Relat Goberna, Josep

January 2016

Most materials break through the extension of their most prominent crack, as Griffith predicted over a century ago. Despite the fact that the extension of a crack occurs in the nanometre-sized area located at the crack tip end, we still know little about the crucial role that forces play at this scale. With the advent of the Atomic Force Microscopy (AFM), we have been able to apply small calibrated forces at the nanoscale. Until now, AFM has been most successful at unveiling the mechanical properties of biological materials while pulling. Investigating the mechanics of materials while pushing, however, has been less successful. Until now, most indentation experiments were performed at a constant pushing velocity, which precluded measuring the detailed rupture kinetics of the material.

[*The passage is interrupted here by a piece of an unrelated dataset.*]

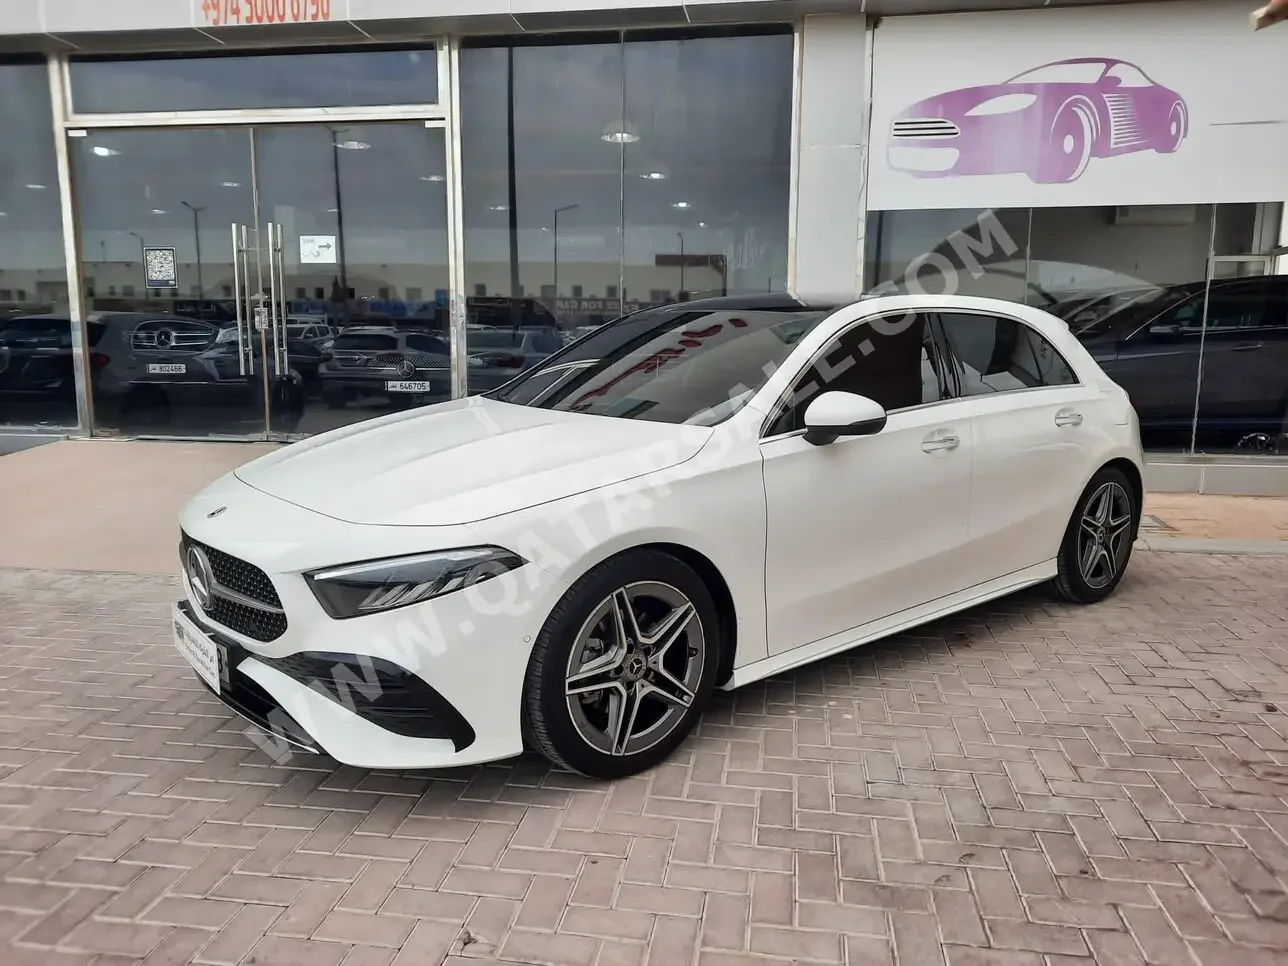 Mercedes-Benz  A-Class  200  2023  Automatic  14,000 Km  4 Cylinder  Front Wheel Drive (FWD)  Coupe / Sport  White  With Warranty

In this vein, we have developed an AFM capable of applying a more complex indentation protocol, called force-clamp, which expands the time window of experimentation and allows mapping out the energy landscape of the rupture mechanism. Then, we have investigated the rupture kinetics of an Angstrom-scale simple 2D material – confined solvation layers. By applying force-clamp, we have discovered that the rupture (and reformation) of these solid-like layers occurs through the disruption of a single molecule, contrary to currently accepted mechanical contact models. Secondly, we have investigated the more complex mechanism of lipid membrane rupture, which involves the displacement of tens to hundreds of molecules. In this case, we have developed a pore nucleation model to fit the complex rupture kinetics, which is far from the currently used two-state model. Finally, we have indented whole live cells. As a result, we have measured that lipid membrane lateral interactions ultimately define cell membrane integrity. Altogether, these experiments point out the key role that intermolecular forces play to define the mechanical strength of materials from a fraction of nanometre to several micrometres.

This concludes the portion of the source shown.